United States District Court, N.D. Illinois, Eastern Division
Nov 29, 2004
No. 03 C 3151 (N.D. Ill. Nov. 29, 2004)

Opinion

No. 03 C 3151.

November 29, 2004


MEMORANDUM OPINION AND ORDER


Plaintiff, Walter Bergstrom, filed suit against Defendants, Northeast Illinois Regional Commuter Railroad Corporation and Metra Chief of Police Fred J. Leonard. In January 2004, Bergstrom filed his Second Amended Complaint, alleging breach of contract (Count I), intentional infliction of emotional distress (Count II), punitive damages (Count III), wrongful termination of employment (Count IV), and violation of Labor Agreement and the Railway Labor Act, 45 U.S.C. § 151 ("RLA") (Count V). Subsequently, Counts II through V were dismissed. Presently pending before the Court is Metra's Motion to Dismiss or, In the Alternative, For Summary Judgment. Metra also filed a Motion for Sanctions pursuant to Federal Rule of Civil Procedure 11.

Because Metra relies upon facts outside the Second Amended Complaint, Metra's Alternative Motion for Summary Judgment is addressed, and Metra's Motion to Dismiss is denied.

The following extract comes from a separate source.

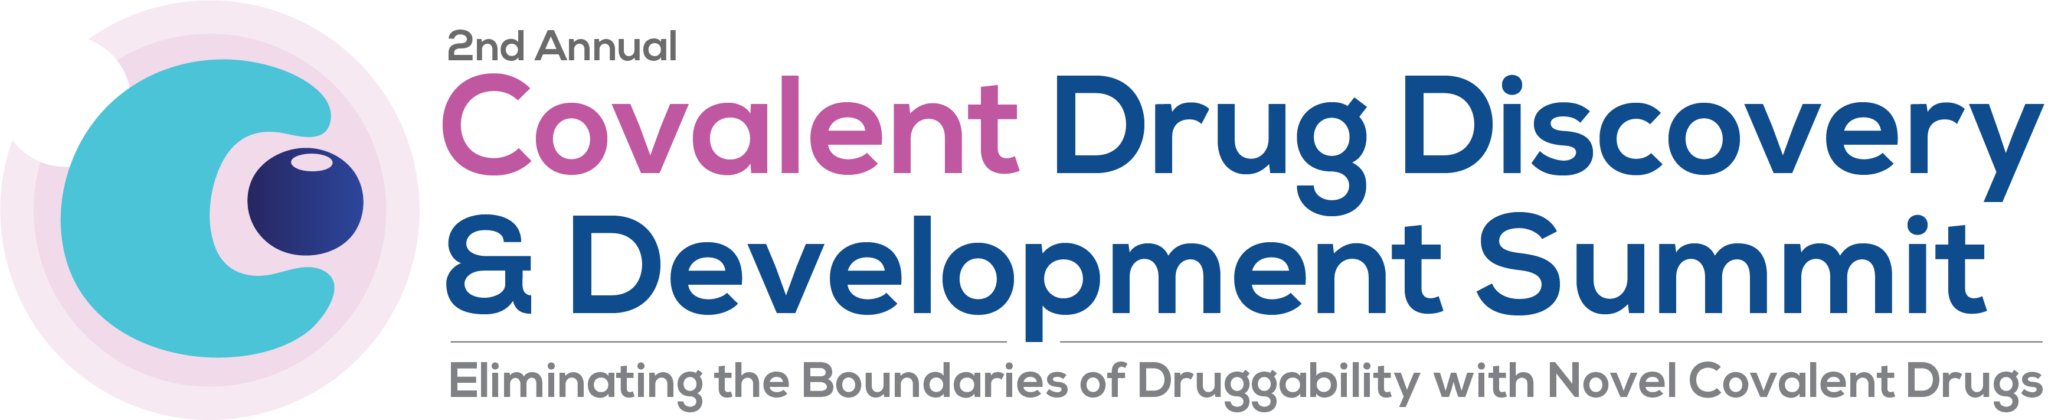 Covalent Drug Discovery Development

Summary judgment is proper if "the pleadings, depositions, answers to interrogatories, and admissions on file, together with affidavits, if any, show that there is no genuine issue as to any material fact." Fed.R.Civ.P. 56(c); see also Celotex Corp. v. Catrett, 477 U.S. 317, 322-23 (1986). All the evidence and the reasonable inferences that may be drawn from the evidence are viewed in the light most favorable to the nonmovant. Miller v. American Family Mutual Ins. Co., 203 F.3d 997, 1003 (7th Cir. 2000). Summary judgment may be granted when no "reasonable jury could return a verdict for the nonmoving party." Anderson v. Liberty Lobby, Inc., 477 U.S. 242, 248 (1986).

In the instant case, Bergstrom did not file a response to Metra's statement of material facts. Therefore, all the material facts averred by Metra are deemed admitted. See Oates v. Discovery Zone, 116 F.3d 1161, 1167 (7th Cir. 1997); L.R. 56.1(b)(3)(B). Even though Bergstrom failed to respond to Metra's statement of material facts and such facts are deemed admitted, Metra's Motion for Summary Judgment will only be granted if it can demonstrate that there is no genuine issue of material fact and that they are entitled to judgment as a matter of law. See Johnson v. Gudmundson, 35 F.3d 1104, 1112 (7th Cir. 1994). However, a party cannot defeat summary judgment by relying on unsubstantiated facts. See Greer v. Board of Educ. of the City of Chicago, 267 F.3d 723, 729 (7th Cir. 2001) ( Greer).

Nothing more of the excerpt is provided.